- Exercise instructions -
Repeat everything in the listing exactly, except for the images.

==== The input

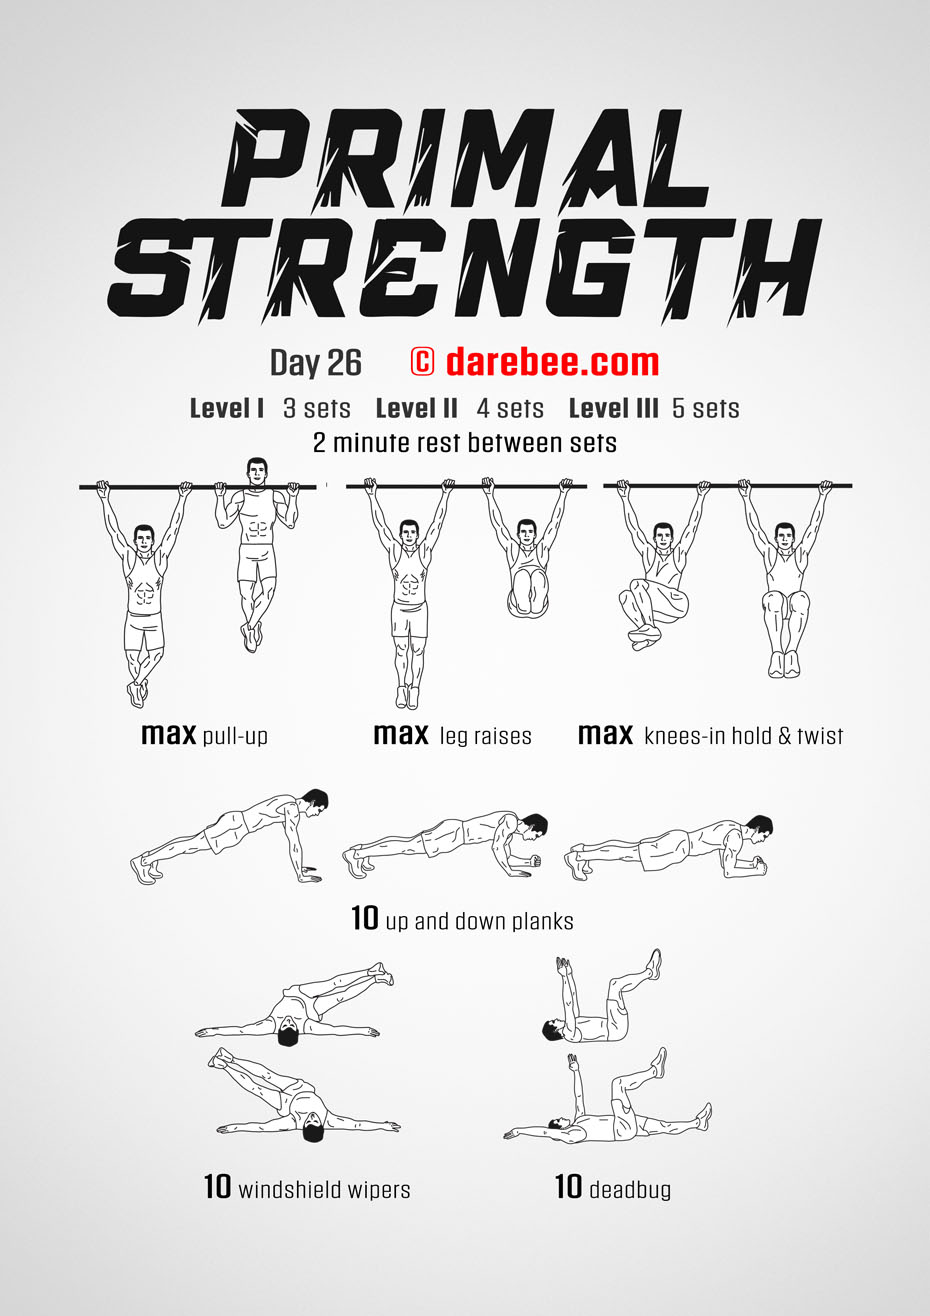 Primal Strength Program by DAREBEE
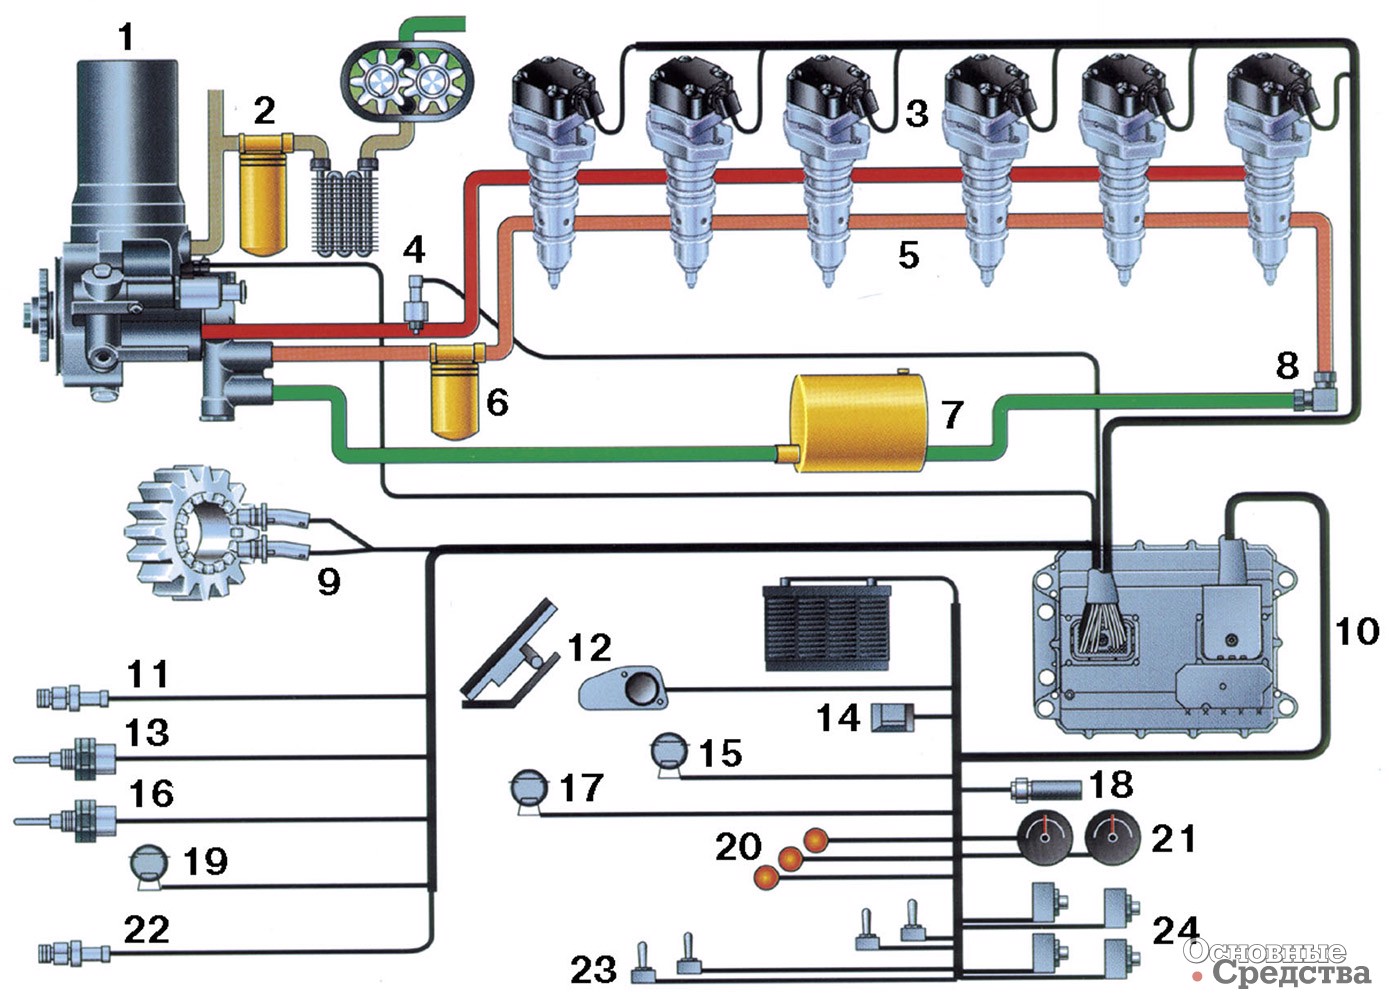 [b]Cхема системы HEUI:[/b] 1 – гидронасос; 2 – система смазки двигателя; 3 – насос-форсунки; 4 – электромагнитный клапан упарвления давлением в масляной магистрали высокого давления; 5 – топливная магистраль высокого давления; 6 – топливный фильтр; 7 – топливный бак; 8 – клапан поддерживания давления в топливной магистрали; 9 – датчик частоты вращения и момента впрыска ; 10 –электронный блок управления; 11 – датчик давления наддува; 12 – датчик положения педали «газа»; 13 – датчик температуры охлаждающей жидкости; 14 – интерфейс; 15 – реле горного тормоза (в системе выпуска); 16 – датчик температуры всасываемого воздуха; 17 – трансмиссионное реле; 18 – спид-сенсор машины; 19 – реле подогрева всасываемого воздуха; 20 – контрольные лампы; 21 – спидометр и тахометр; 22 – датчик атмосферного давления; 23 – включатели специальных режимов; 24 – концевые выключатели («нейтраль», стояночный тормоз)
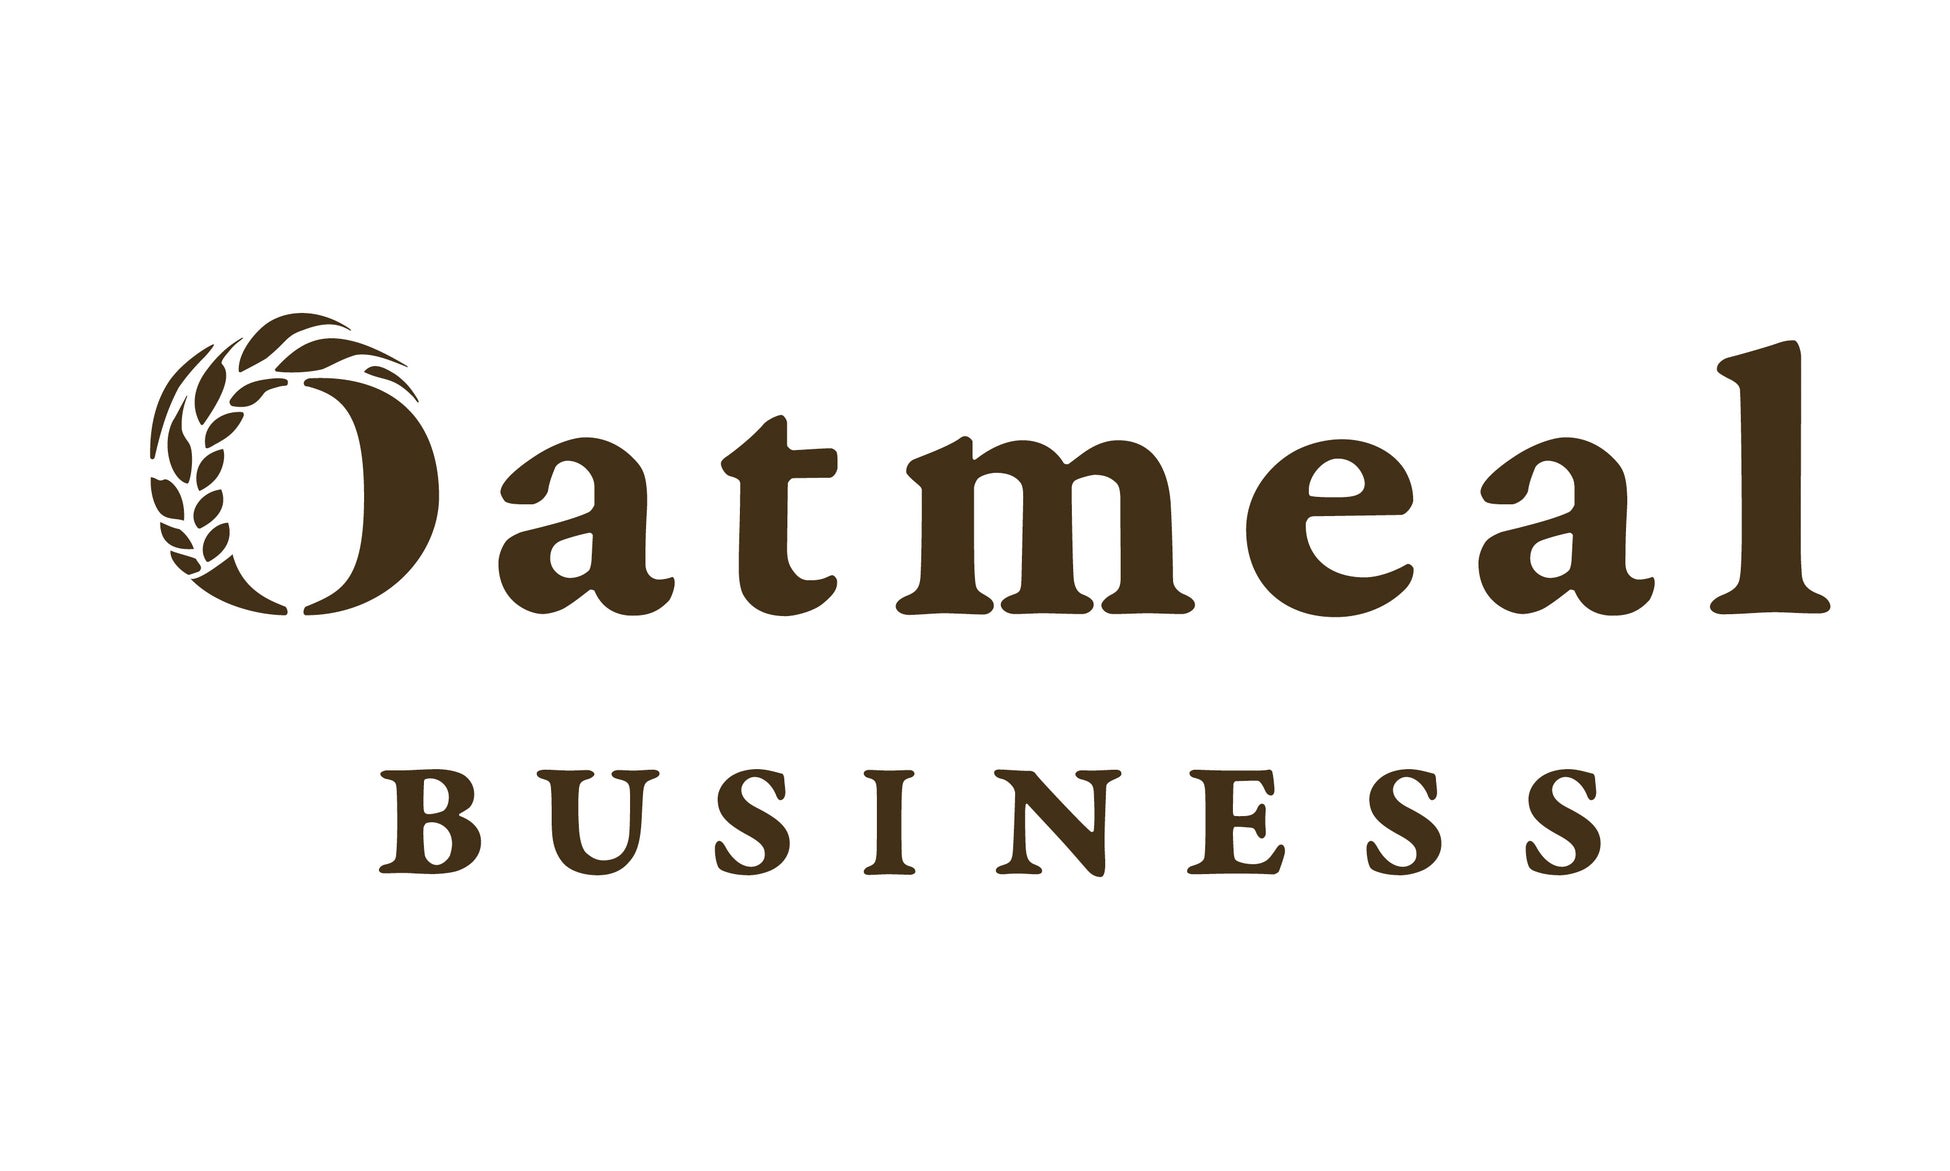 【Oatmeal BUSINESS】創刊！成長分野「オートミール」に関わるすべてのビジネスパーソンへ、成功のヒントとアイデアを提供し、新しいオートミール市場の未来を切り拓くビジネスメディアが始動。
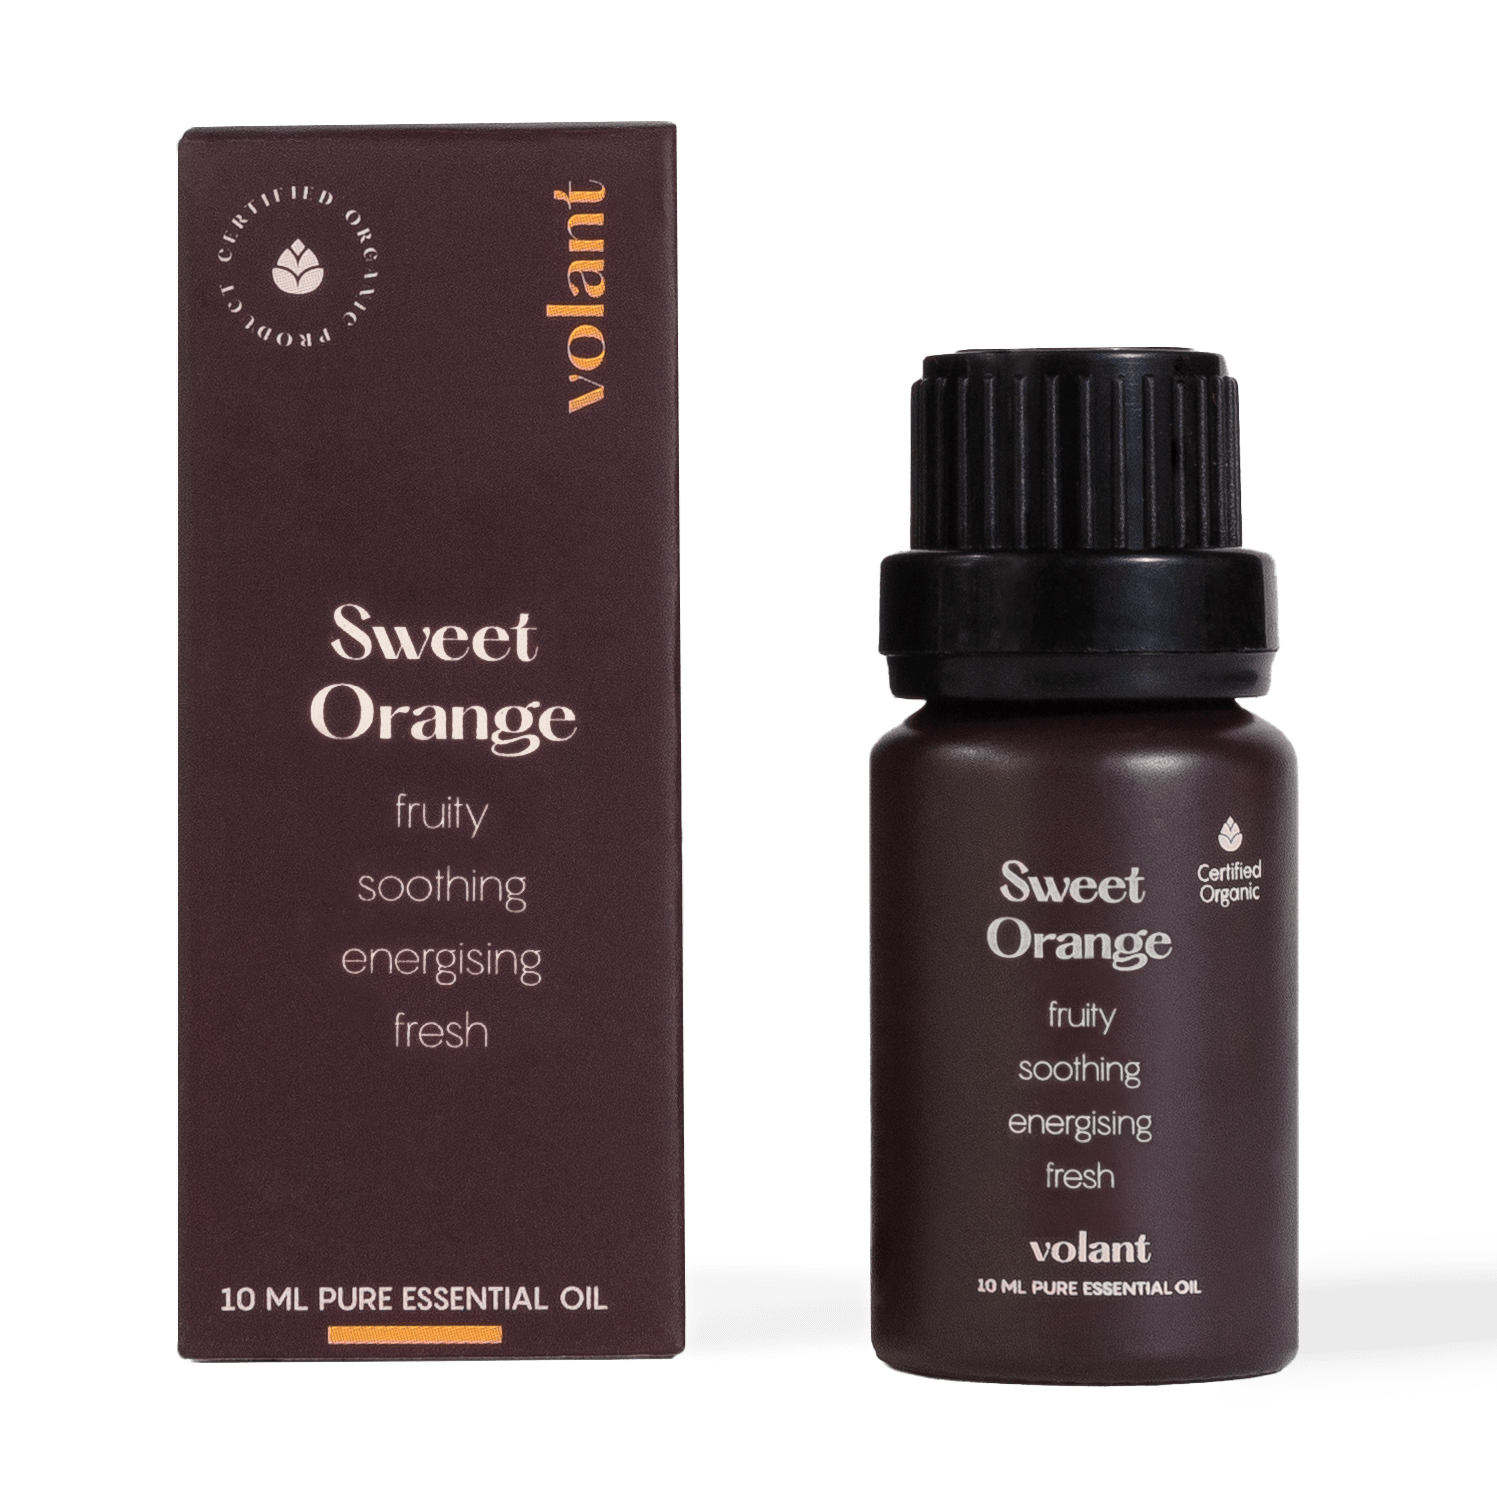 Volant ekologisk söt apelsin eterisk olja flaska förpackning för fräsch hem doft
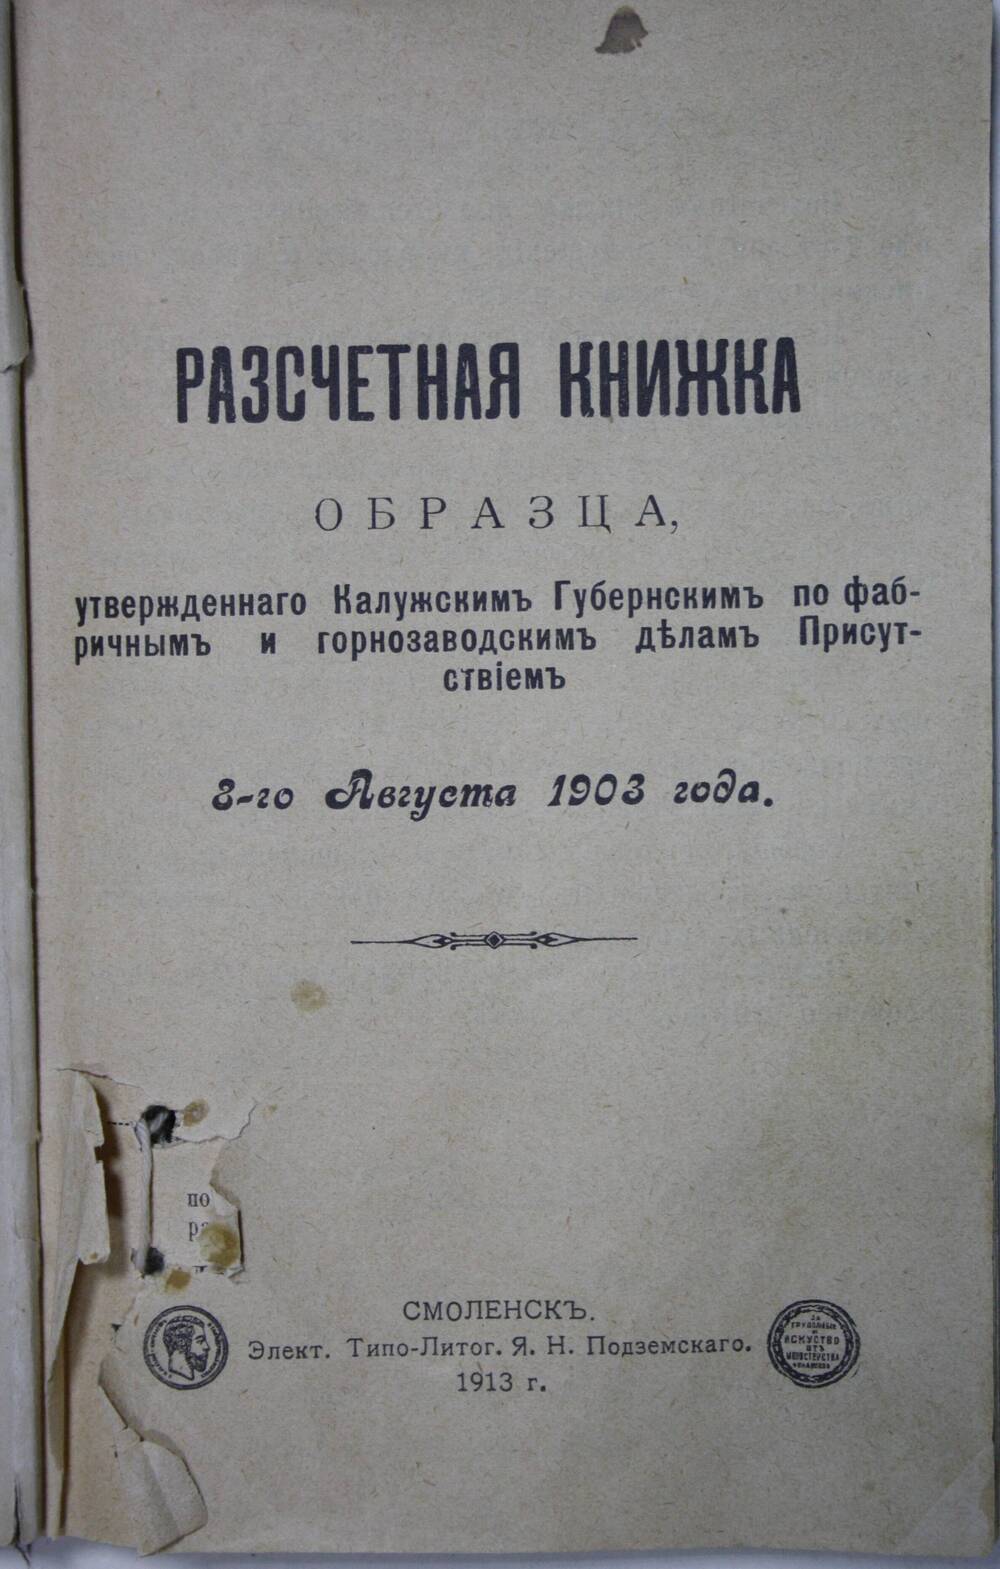 Расчетная книжка образца, утвержденного Калужским губернским по фабричным и горнозаводским делам Присутствием 3 августа 1903 года.

========

- Answer to the problem -
 Primal Strength Program by DAREBEE
 [b]Cхема системы HEUI:[/b] 1 – гидронасос; 2 – система смазки двигателя; 3 – насос-форсунки; 4 – электромагнитный клапан упарвления давлением в масляной магистрали высокого давления; 5 – топливная магистраль высокого давления; 6 – топливный фильтр; 7 – топливный бак; 8 – клапан поддерживания давления в топливной магистрали; 9 – датчик частоты вращения и момента впрыска ; 10 –электронный блок управления; 11 – датчик давления наддува; 12 – датчик положения педали «газа»; 13 – датчик температуры охлаждающей жидкости; 14 – интерфейс; 15 – реле горного тормоза (в системе выпуска); 16 – датчик температуры всасываемого воздуха; 17 – трансмиссионное реле; 18 – спид-сенсор машины; 19 – реле подогрева всасываемого воздуха; 20 – контрольные лампы; 21 – спидометр и тахометр; 22 – датчик атмосферного давления; 23 – включатели специальных режимов; 24 – концевые выключатели («нейтраль», стояночный тормоз)
 【Oatmeal BUSINESS】創刊！成長分野「オートミール」に関わるすべてのビジネスパーソンへ、成功のヒントとアイデアを提供し、新しいオートミール市場の未来を切り拓くビジネスメディアが始動。
 Volant ekologisk söt apelsin eterisk olja flaska förpackning för fräsch hem doft
 Расчетная книжка образца, утвержденного Калужским губернским по фабричным и горнозаводским делам Присутствием 3 августа 1903 года.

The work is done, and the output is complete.